* ABOUT THIS EXERCISE:
The answer should be an exact repeat of the stretch of material below from the line containing "Моделирующий массаж лица: отзывы, фото" through the line containing "Kannamangalamreserve Forest Wasserfall".

* AVAILABLE RECORDS:
▼
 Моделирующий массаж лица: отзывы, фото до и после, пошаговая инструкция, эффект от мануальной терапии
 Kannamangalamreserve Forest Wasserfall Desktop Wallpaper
▲
▼
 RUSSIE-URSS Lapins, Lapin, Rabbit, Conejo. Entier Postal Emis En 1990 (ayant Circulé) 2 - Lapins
▲
* YOUR RESPONSE:
 Моделирующий массаж лица: отзывы, фото до и после, пошаговая инструкция, эффект от мануальной терапии
 Kannamangalamreserve Forest Wasserfall Desktop Wallpaper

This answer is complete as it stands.